The above is a specially designed game controller made by [Giorgos] solely for the RTS game Men Of War (now that’s dedication to a game). [Giorgos] started off with a rough breadboard and 11 buttons. Slowly overtime he included a joystick, countdown timers, and the wonderfully lit case. Under the hood is a couple of PIC microcontrollers multiplexing the switches, LEDs, timers, and also interfacing with the computer via how is it not dead yet PS/2 port. The build log is a very detailed read and well worth it, even if you’re not planning on making a custom controller. [Ben Heck] better watch out, there is a new controller making enthusiast on the loose.

23 thoughts on “PC Game Controller With A Touch Of Class

  1. @Giorgos Lazaridis

    Well.. spraypaint followed by sealant does a good job of coloring without coloring your fingers after extended use. I’d look up custom controller painting to see what people who paint (i.e.) xbox controllers use to get good colors that last

    Assuming that you’re talking about the beige keys, of course.

  2. About that “how is it not dead” PS/2 port, it’s a far, far, far superior interface for hooking up keyboards than USB.

    USB HID spec sets a limit of a maximum of 4 simultaneous keypresses. In a game, some times you need to duck, jump, and change weapons while walking forward. PS/2 can theoretically support holding down all 101 buttons at once.

    USB is polled by the CPU. It has a definite latency, and it consumes CPU cycles to poll it. PS/2 is completely hardware interrupt based. The CPU doesn’t have to waste its time asking the keyboard whether or not a key is pressed, the keyboard tells the computer when it has input in its buffer, not the other way around.
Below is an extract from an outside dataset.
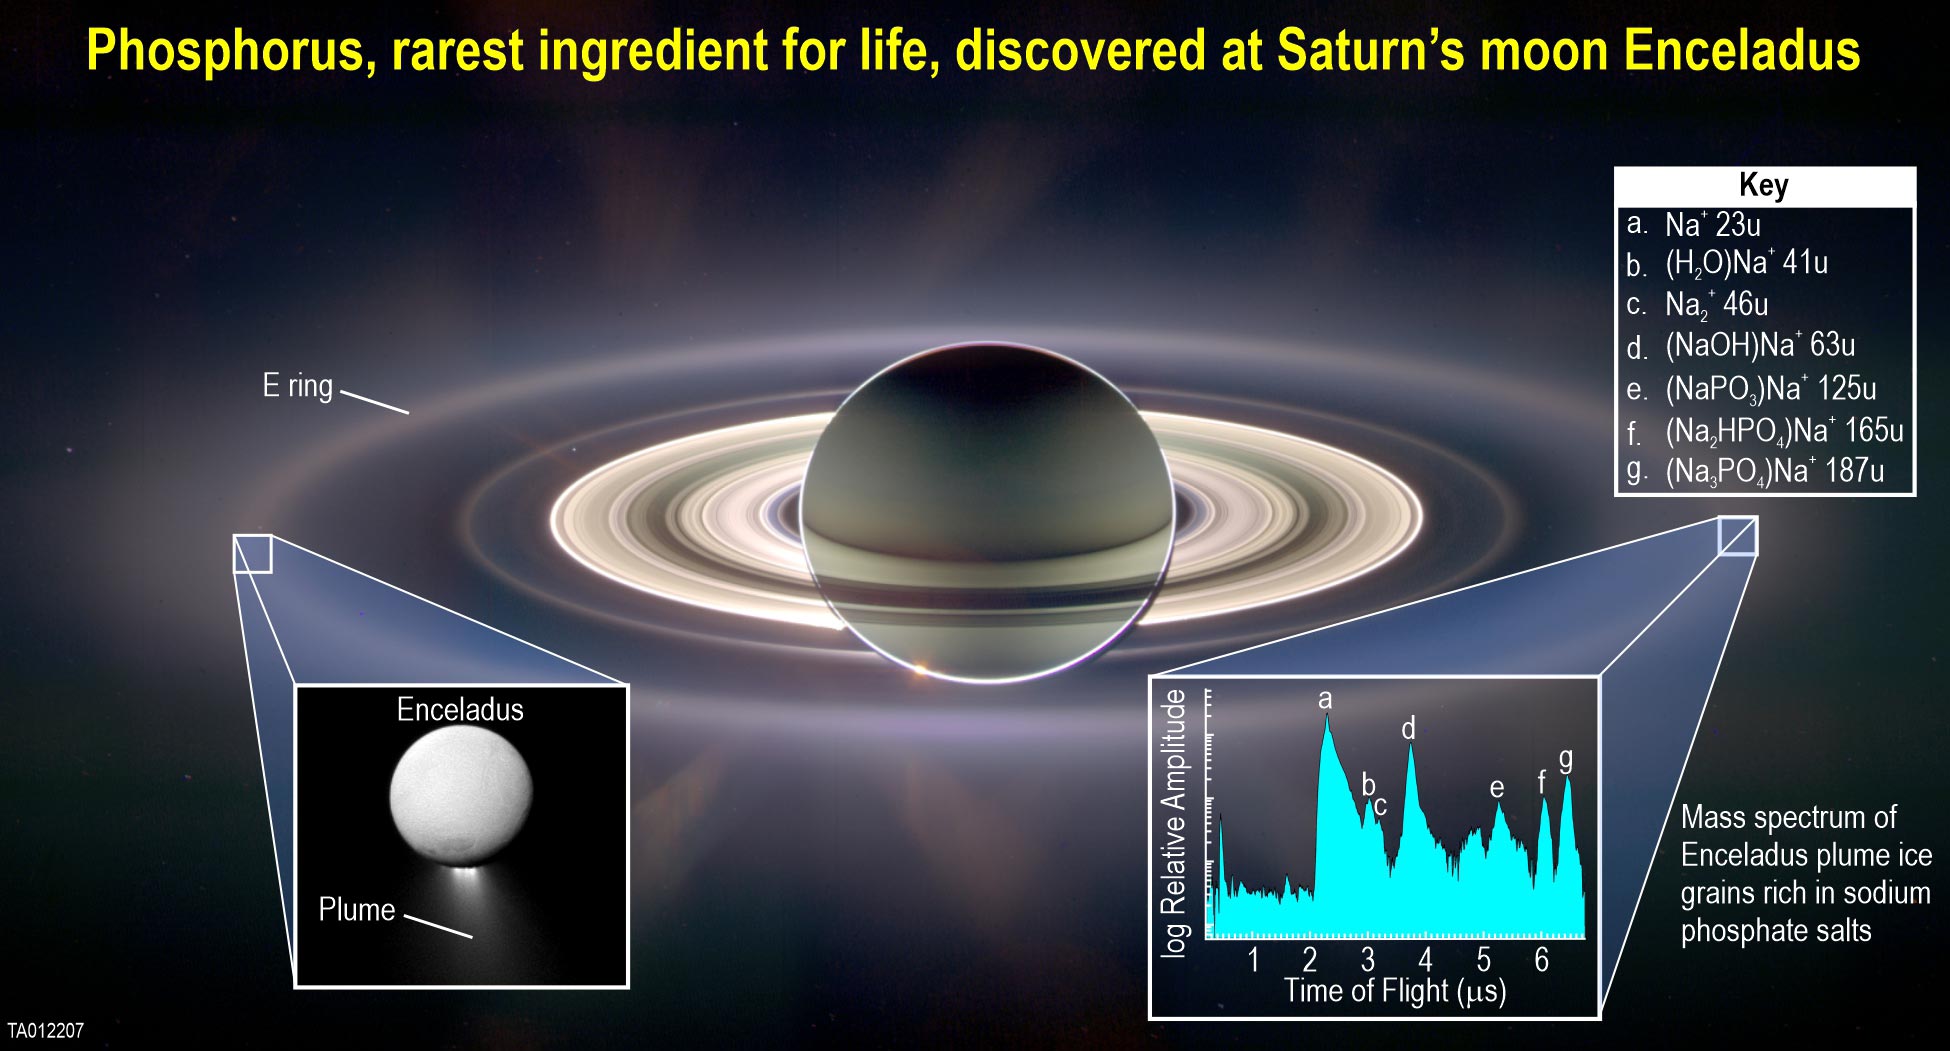 Ingrediente crítico para la vida descubierto en la luna helada Encélado de Saturno

    There are very good reasons PS/2 isn’t dead. It’s much better at its job than USB.

  3. @Giorgos Lazaridis

    Virtually all paint will flake off and look unplesant pretty quickly. I’ve had very good luck dying plastic with cheap Rit cloth dye. Put the keys in a pot of simmering water with the dye for 30-90 minutes and you’ll get a vibrant color that won’t come off easily.
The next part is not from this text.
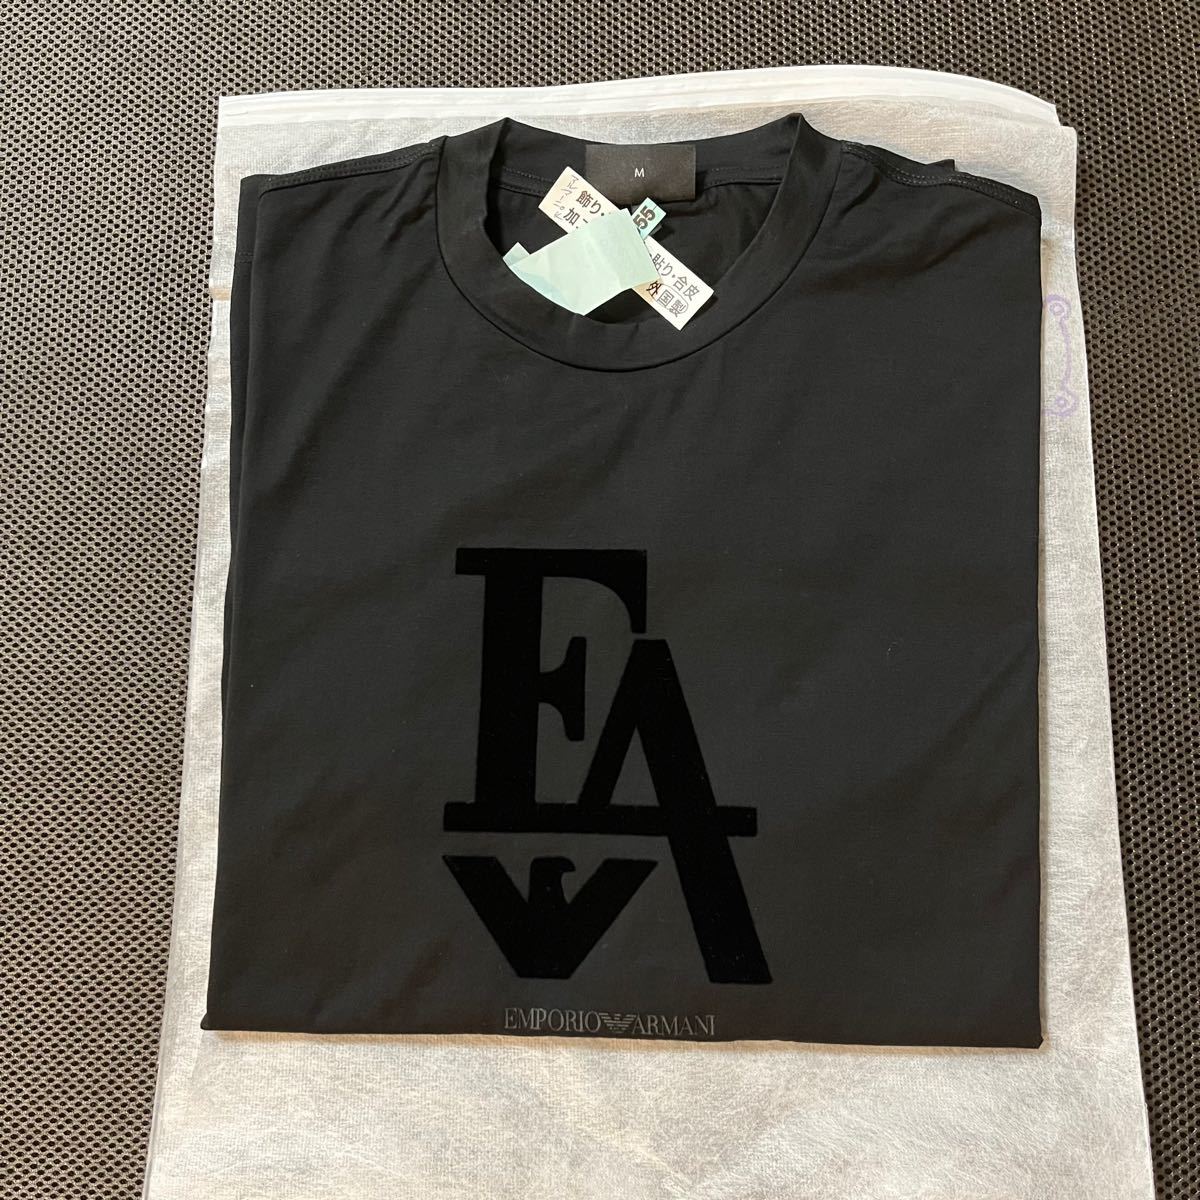 EMPORIO ARMANI Tシャツ シルケットジャージー製 フロックロゴ

    I still hate seeing blue lights on stuff like this. Yes, blue is the official color of “cool”. (And now apparently” classy” Ugh.) But blue light will constrict your pupils more than other wavelengths and will make your eyes less sensitive to dim lighting. This is bad for any gaming rig since you’re relying on your visual acuity. (And for other displays that you read in the dark.) Change the color to red and you won’t be ruining your night-adapted vision.

  4. @bobdole

    Couldn’t figure out where you got your info on the 4 keys max, but I know my cheap usb keyboard can do up to 6 keys at once, all getting detected.

    Unfortunately, PS/2 isn’t plug and play, so I’d have to restart my keyboardless server next to me to get a PS/2 keyboard working.

    I’ve always wanted a custom keyboard setup for my different games, that’d be neat.